Traditional pirate ensemble
Rosie is here to follow up on family history. Her father David was a microbiologist who undertook ten separate research trips to the Antarctic. He was the expedition leader of the 1990s mission investigating whether bacteria living in rocks in the McMurdo Dry Valleys could indicate that there had been life on Mars, and whether it could be the source of life here. The story made big news, and I remember being intrigued by it at the time. Strange how things circle back around in life. The most fascinating bit for mine is that he was using a Raman spectrometer to (get this) scan rock for microscopic pigment traces that would indicate the presence of fossilised bacteria up to three billion years old. The fact that this is possible just blows my mind. He was also working with NASA to develop a miniature spctrometer to attach to the Mars Rover and look for bacteria on Mars. Sadly he died young eight years ago, but what he achieved was remarkable. You can read more about him here.
It’s an interesting bunch. Aside from the pirates, I also get along well with an older English couple who turn out to be Liam Watson’s parents (the ToeRag Studios chap who produced The White Stripes’ Elephant). They stand out among the otherwise inoffensive and gormless British retirees. After dinner tonight there are two lines of people coming from opposite directions merging to get up the stairs. One of the most English of the lot, Gerard, is craning his neck back at a map of the world on the hallway wall. “That must be an Australian map,” he says in an intensely posh accent. “I’ve never seen one like that before. Look at that. Ha! It’s got Australia in the middle!” He chuckles condescendingly, then turns around and almost headbutts Coop, coming from the other direction, who has positioned himself firmly in Gerard’s way and drawn himself up to his full five-foot-six. “What was that, mate?” says Coop.
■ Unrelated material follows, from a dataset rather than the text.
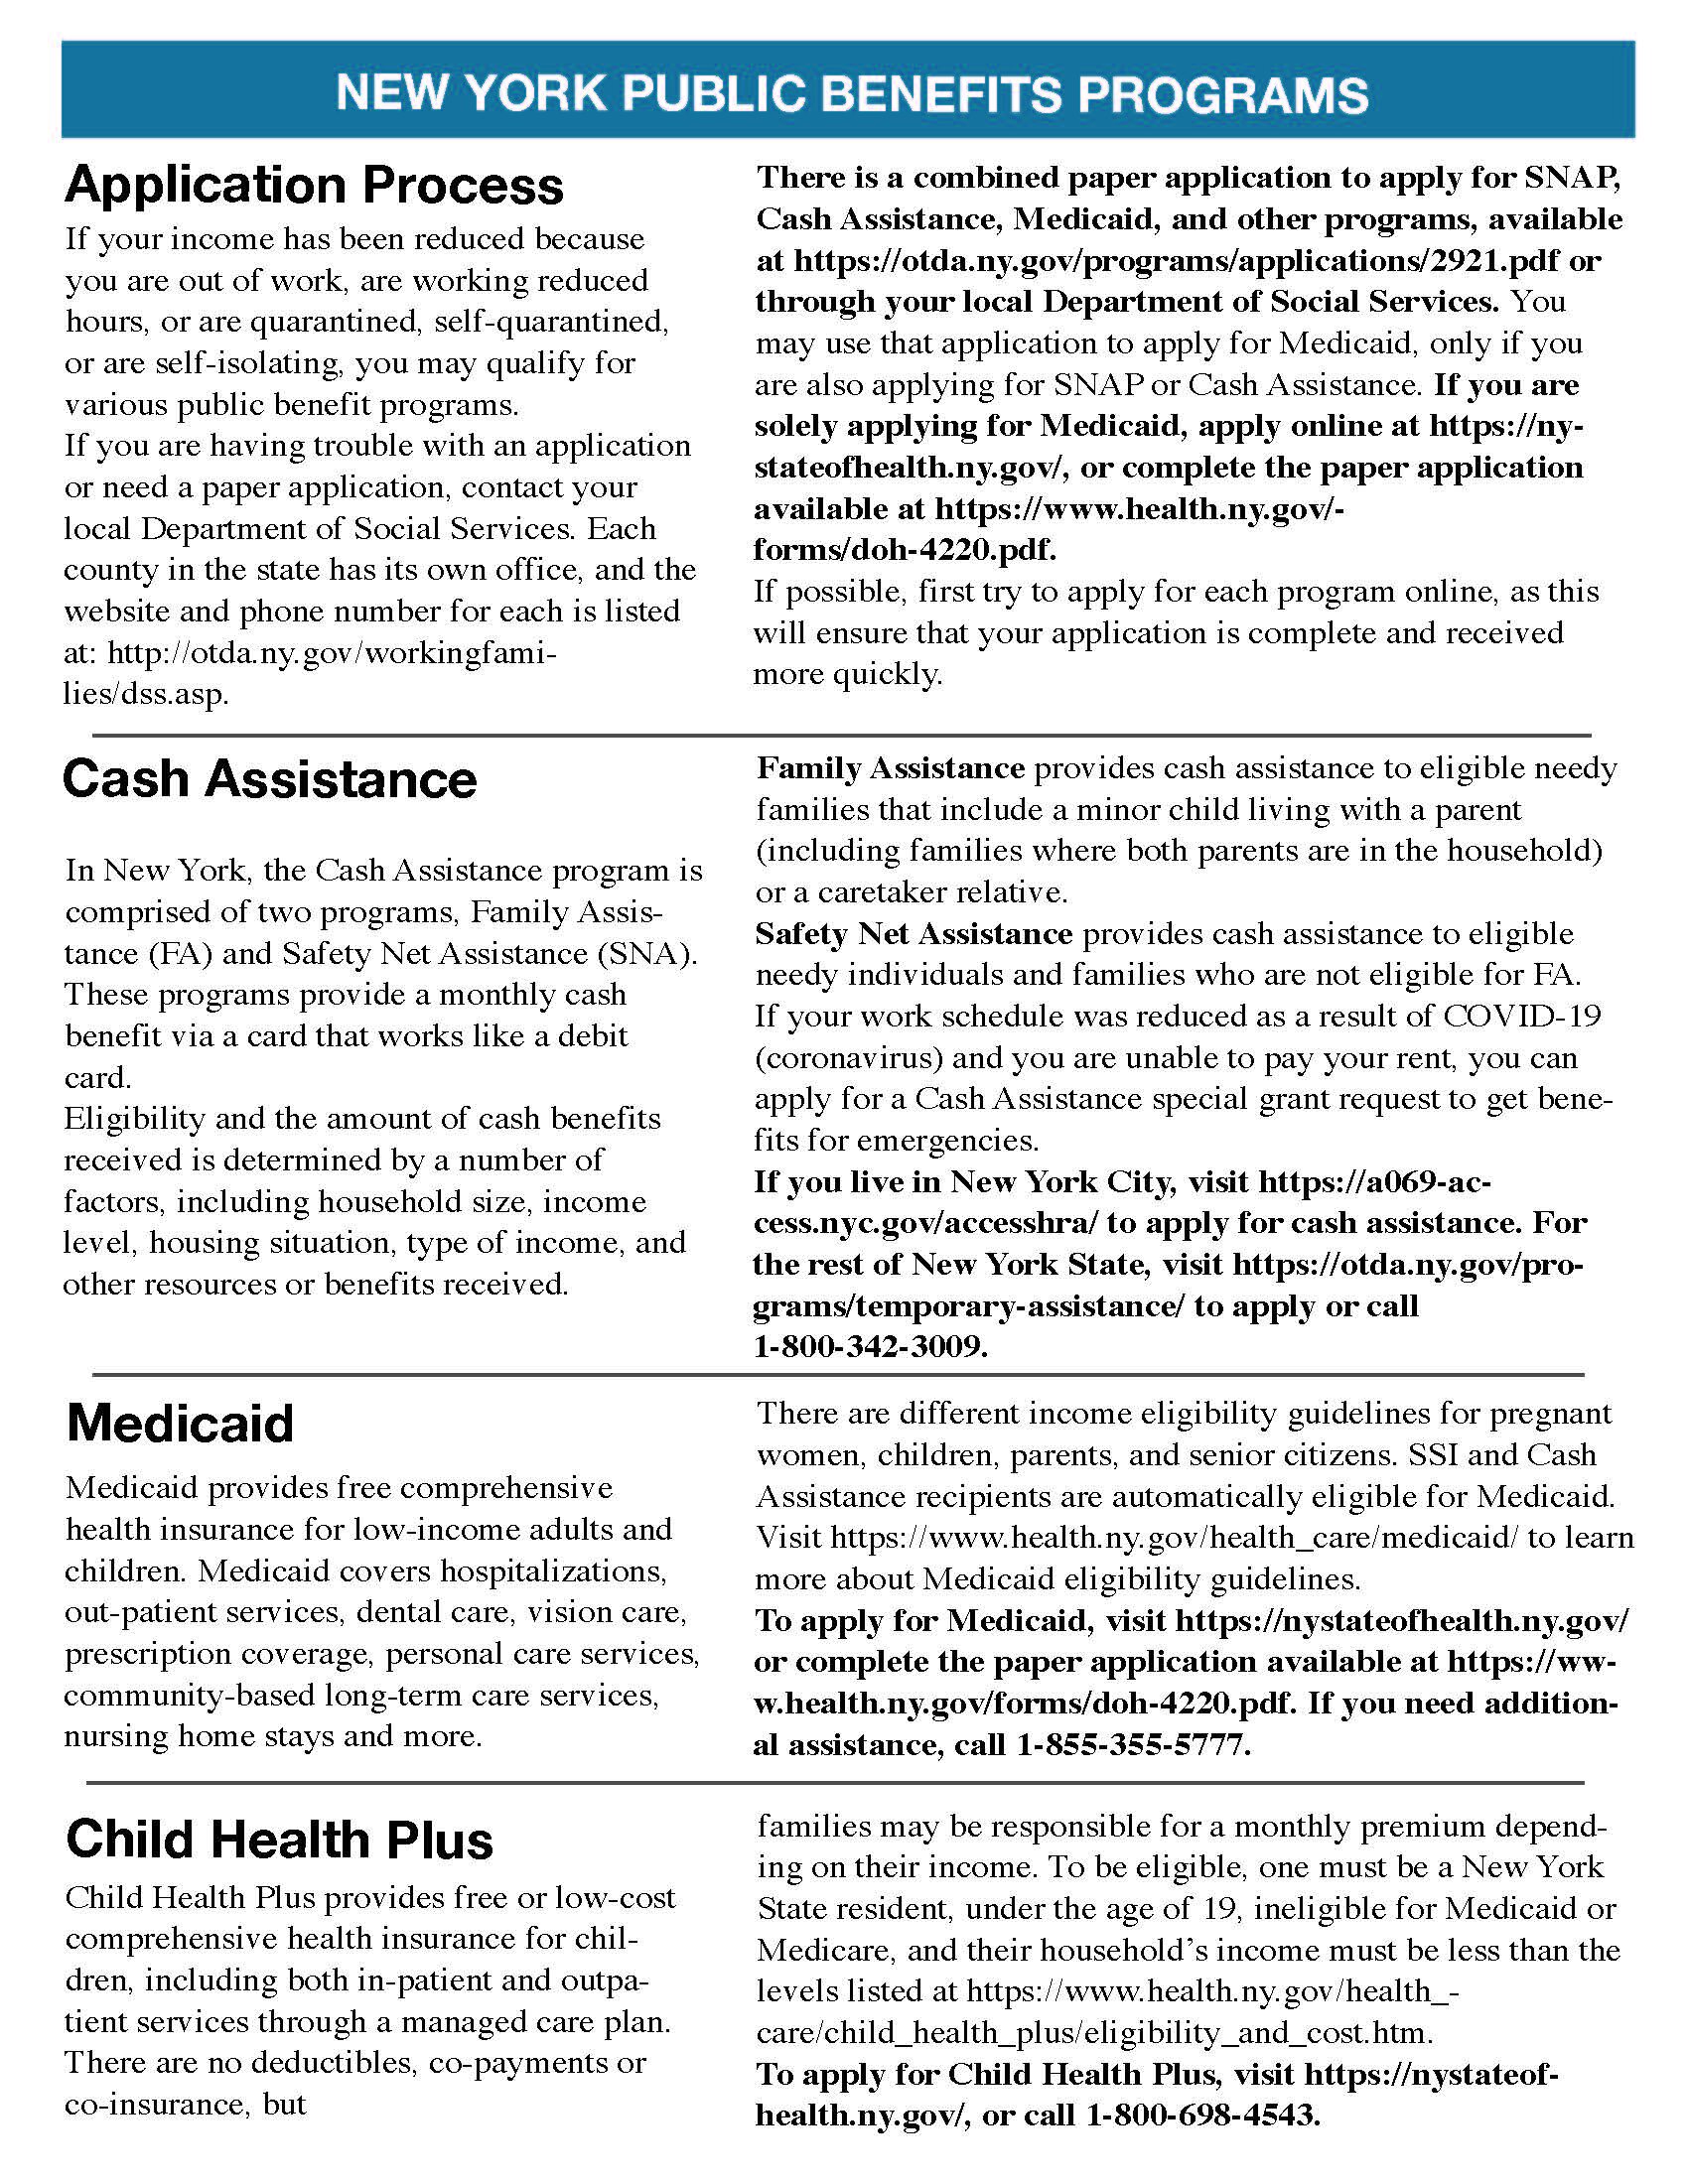 LWWTF Worker Protections+Benefits 3.27.2020_Page_3.jpg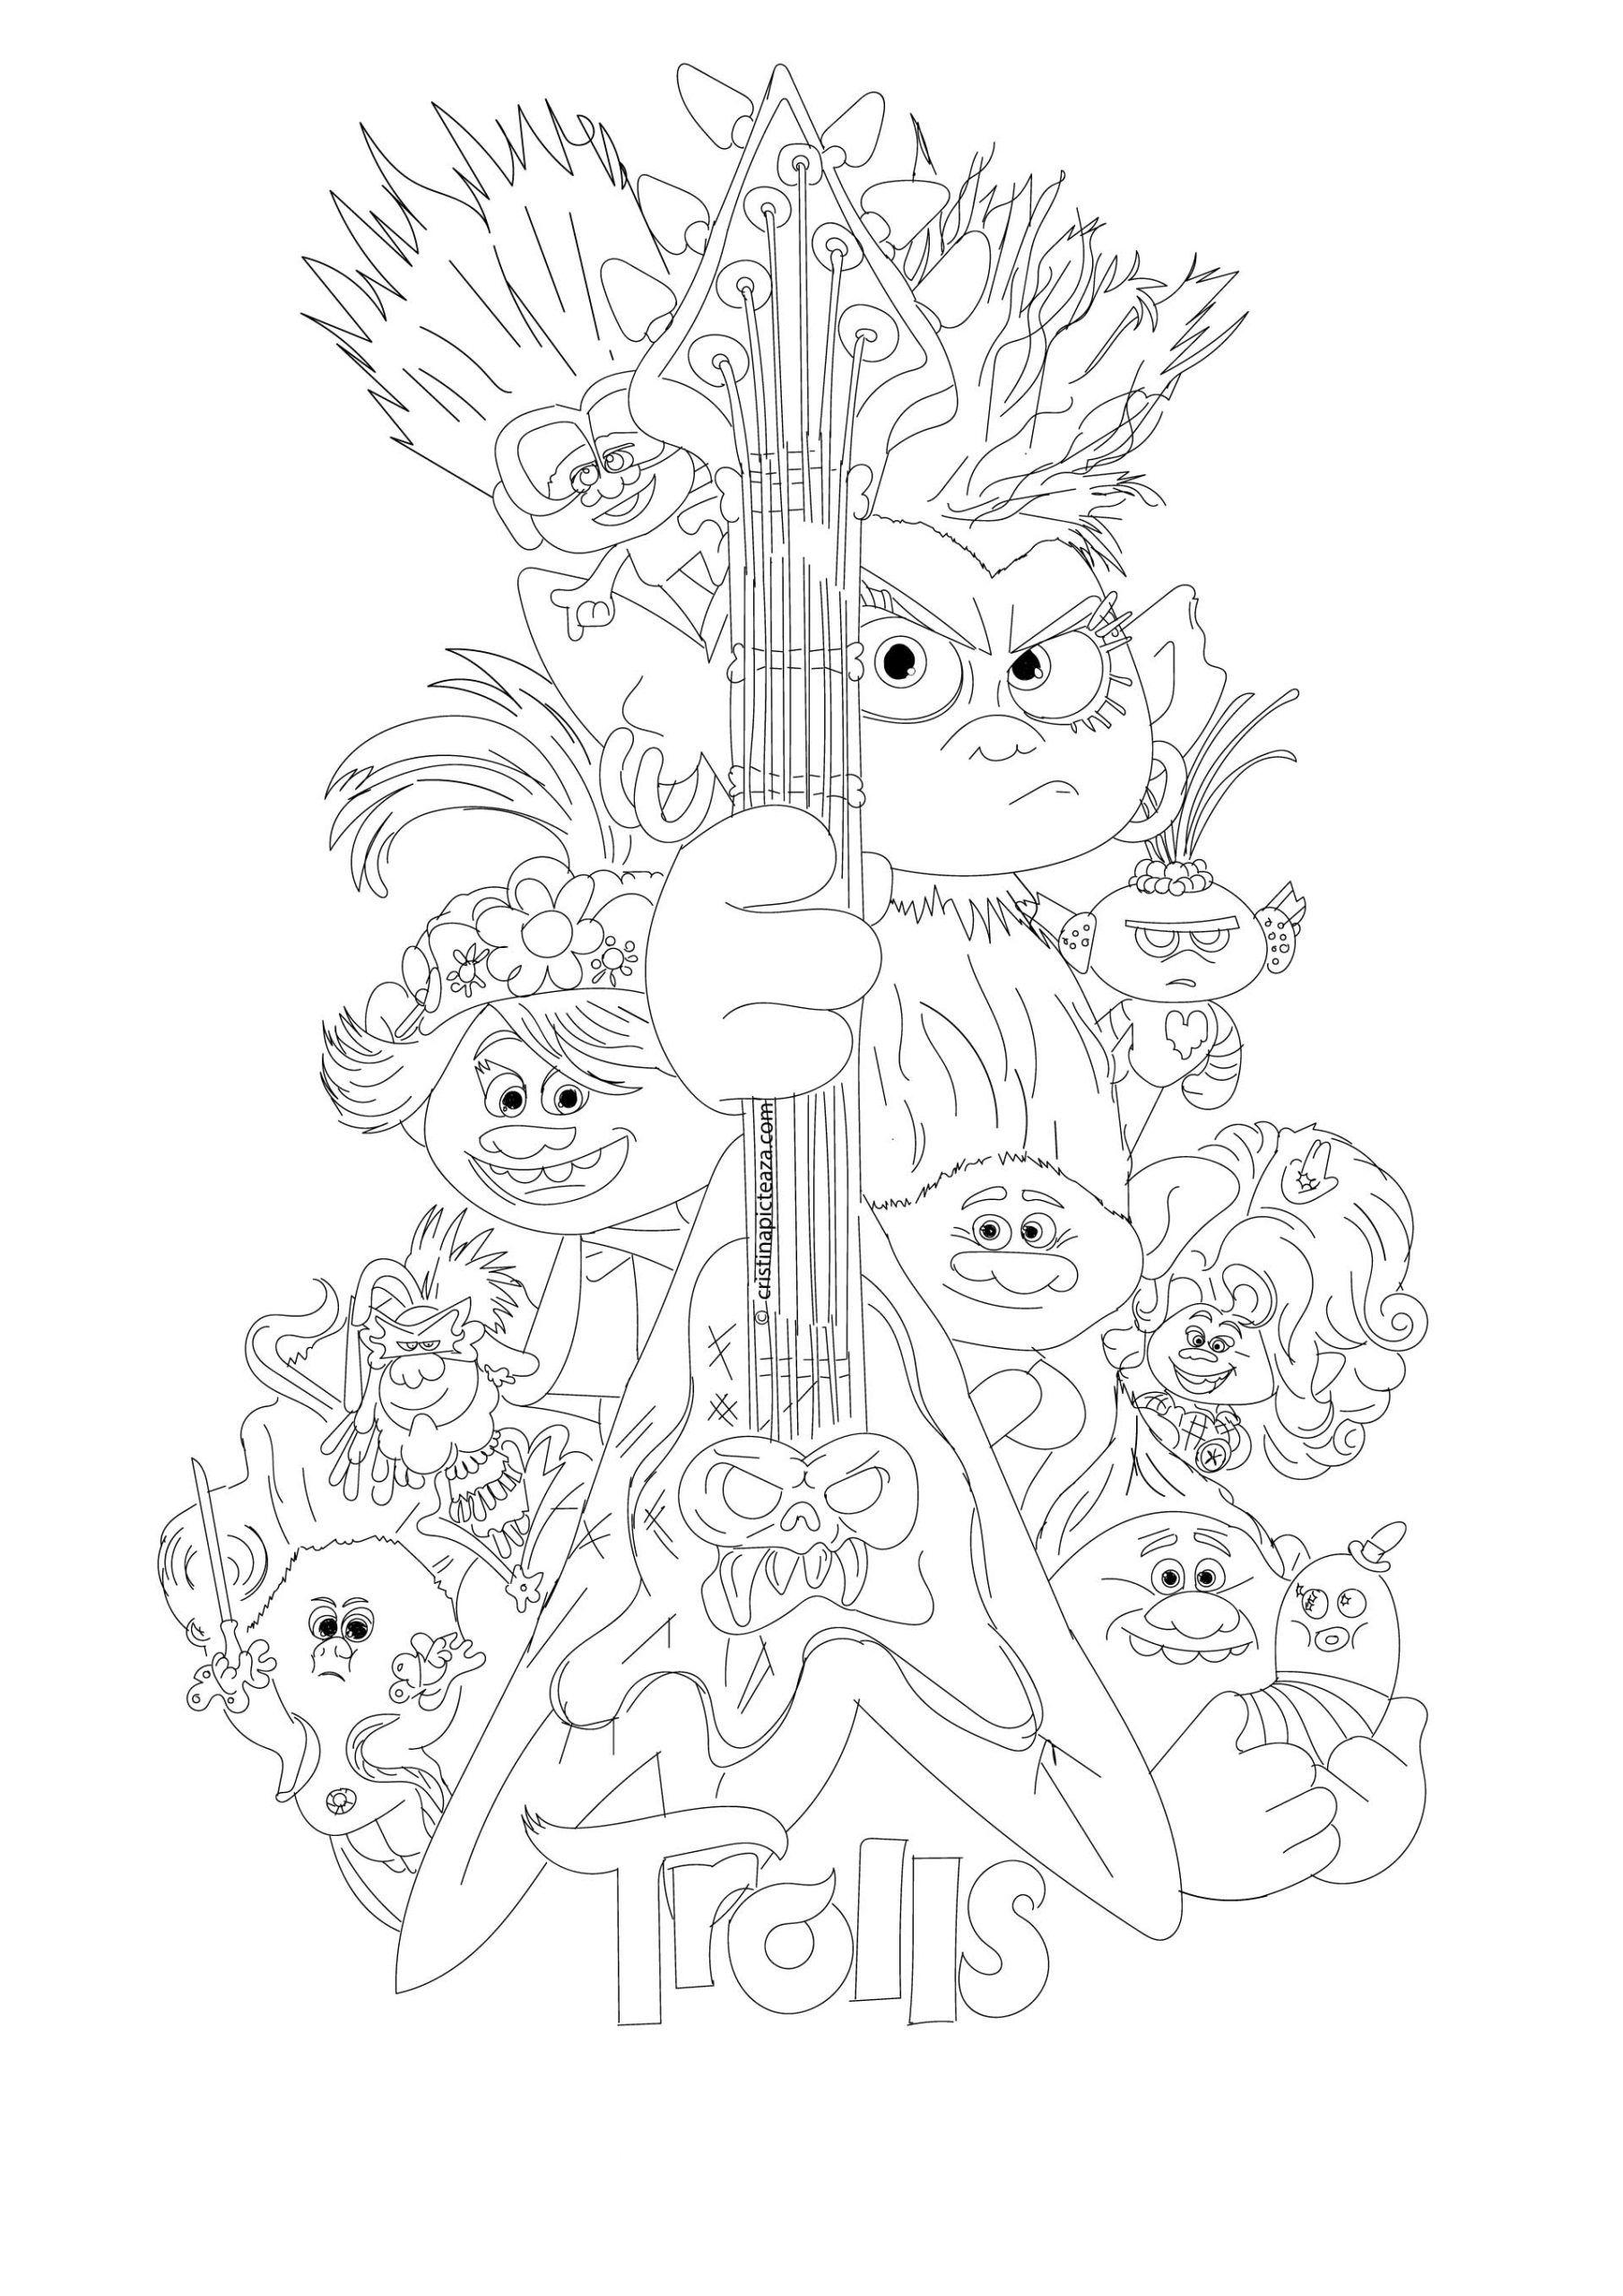 Trolls coloring pages world tour â cristina is painting

Here’s a poem for you, about the last leg of our getting-to-Antarctica voyage.
Elephant Island Fog
It’s like being in a snowdome, he says
and as much as we can’t speak Russian
we can speak the language of shrugged shoulders
and the unstated obvious.
The boatman’s overalls move independently
despite the wind
which doesn’t. The rattling sound
is descent and crescendo in one
and when the anchor chain hits green water
it exhales rust
in the shape of a jellyfish.
In this absence of sound
and this fluctuating radius
it’s not clear why the elephants hang back
why the islands are hesitant.
But still the day is the second word of this stanza
and the sun is a story we remember;
there is only the chain, umbilical, one hand upon it
and a shout from the bow that will never bounce back.